S級探索者は推しの探索配信を見守る
ギルマスから報告を受けた翌日の朝。クロウはその報告書をリビングで読みながら朝食後のコーヒーを飲んでいた。
「それにしても、ダンジョンで子供がねぇ…」
「母さんは何か心当たりはない?」
クロウから話を聞いたマーサが飼い猫であるルディと共に日向ぼっこをしながらつぶやく。
「さあ、わからないねぇ…クロウがいた時は基本的にあのダンジョンから出ることはないし、ハデスに捕まった後でもあまり動かないようにしていたからねぇ…」
「そっかぁ…」
N級魔物のフェンリルであるマーサならばなにか情報を持っているのではないかと少し期待していたがはずれのようだ。
「魔物の中で似た特徴の奴とか言うのはいないんだよな?」
「そうだね。聞いたことはないね」
「ってことはやっぱ俺と同じダンジョンで育った子ってことかな…」
「その可能性が高いと思うよ」
同じ魔物である故に魔物に関する知識はマーサはたくさん有している。クロウもそれなりに博識でああるのだが、やはり人が知っている範囲であるがゆえにめったに見かけない魔物や未発見の魔物までは把握できていない。そう言った知識をマーサは有しているのだ。
「おはよ~…」
そんな話をしているとあくび交じりにシェルフが降りてきた。
「おう、おはよ。朝食食べるか?」
「食べるー」
「フレンチトーストとサラダだけど飲み物はどうする?」
「んー…この後みらいさんのところに行くから目を覚ますためにコーヒーで」
「あいよ」
コーヒーを淹れている間にフライパンを温めはじめ、冷蔵庫から卵液に浸しておいた食パンを取り出す。
「あ、マスター。二枚食べたいんだけどある?」
「ん?ああ、用意できるが、そんなに食って大丈夫か?」
「大丈夫大丈夫。むしろこの後ダンジョン探索行くからしっかり食べておきたいんだよね」
「まあいいが、食いすぎて動きが鈍くなるなんてこと無いようにな」
「わかってるって」
フライパンが十分に温まったのを確認し、フレンチトーストを焼き始める。その音を聞きながらシェルフがしっかり座りなおすとテーブルの上に置かれている書類に気が付いた。
「マスター、なにこれ?」
「ん?ああ、昨日ギルマスから報告があった襲撃事件の概要だよ」
「襲撃事件?」
「ああ。なんでもそのダンジョンに行った探索者が子供に襲われたらしいんだ。で、それの概要報告書」
「ふぅ~ん…見ていい?」
「構わんぞ」
S級探索者であるがゆえにたまに守秘義務がある情報も流れてくるが、この件に関してはそういった物は含まれていない。

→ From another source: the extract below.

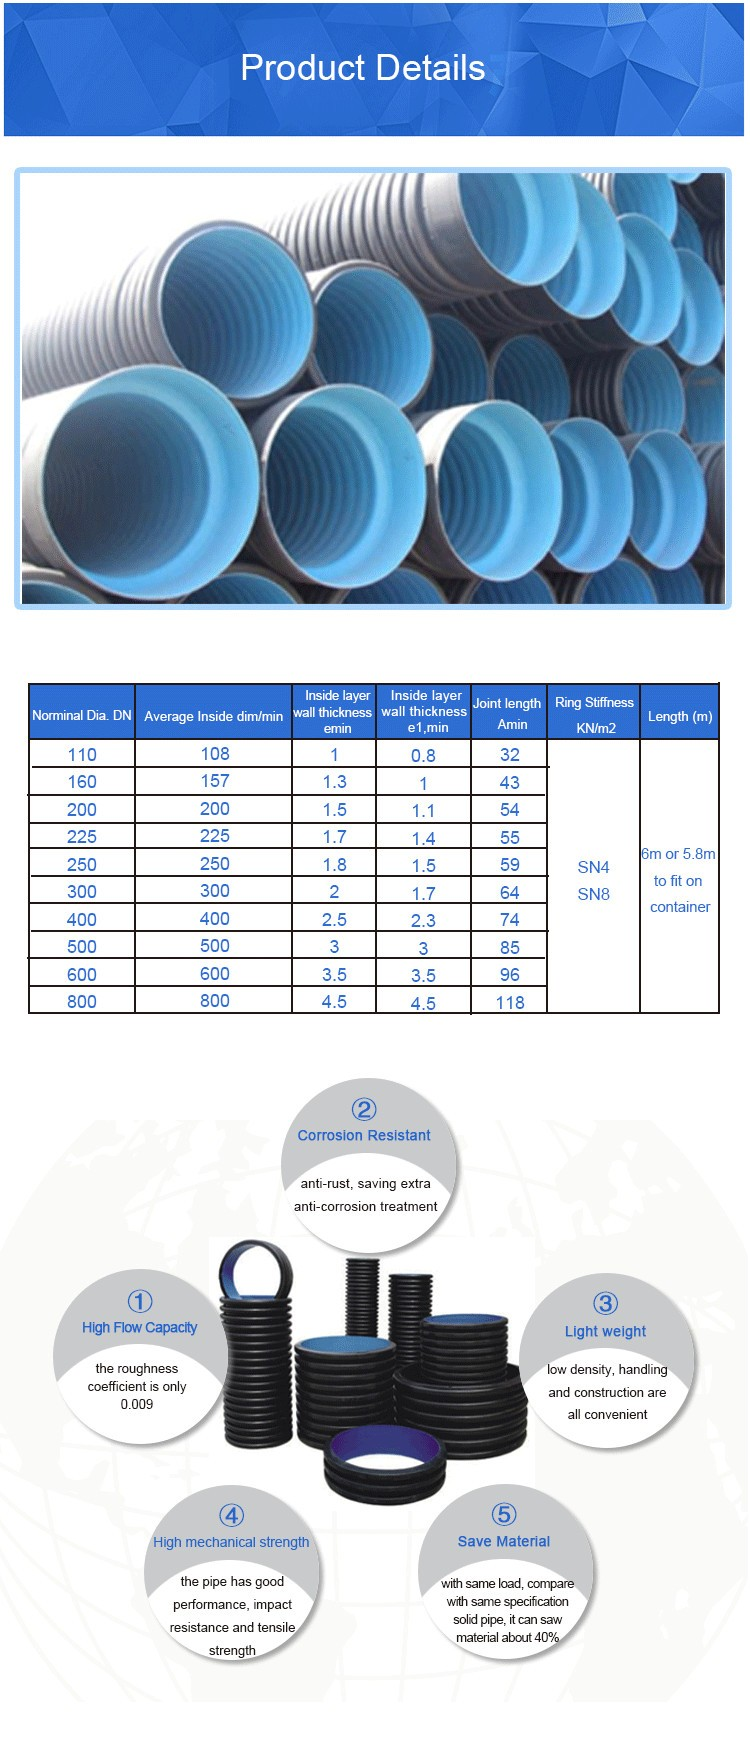 Underground drainage plastic culvert mm pipe sizes

「………ふぅ~ん…。ねえ、ギルマスさんがマスターにこれ伝えたのってさ、もしかしてこの子がダンジョンで育った子の可能性があるから?」
「まあそんなところだ」
「ふぅ~ん…」
気のない返事をしながら報告書を読んでいく。
「あれ?」
そんなシェルフの目がふと留まった。
「なんか気になる情報でもあったか?」
「気になる情報って言うか、この一件があったこのB級ダンジョン、今日詩織さんが行くダンジョンだよ」
「詩織さんが?」
「うん。お兄さんのフィンさんと一緒に今探索しているんだけど、フィンさん強いでしょ?それに加えて詩織さんもこの間のN級騒乱に関わってたから本人の危機感知がおかしくなってるのに気が付いたみたいで、安定して行けるB級ダンジョンで慣らしているらしい」
「ほう、で、今日行くダンジョンがそこってことか」
「うん。どうする?」
「どうするって言われてもなぁ…」
その襲撃に関しては誰にたいしても行われているというわけでも無く、時々発生するという程度。そして命を奪うような襲撃かというとそう言うわけでも無い。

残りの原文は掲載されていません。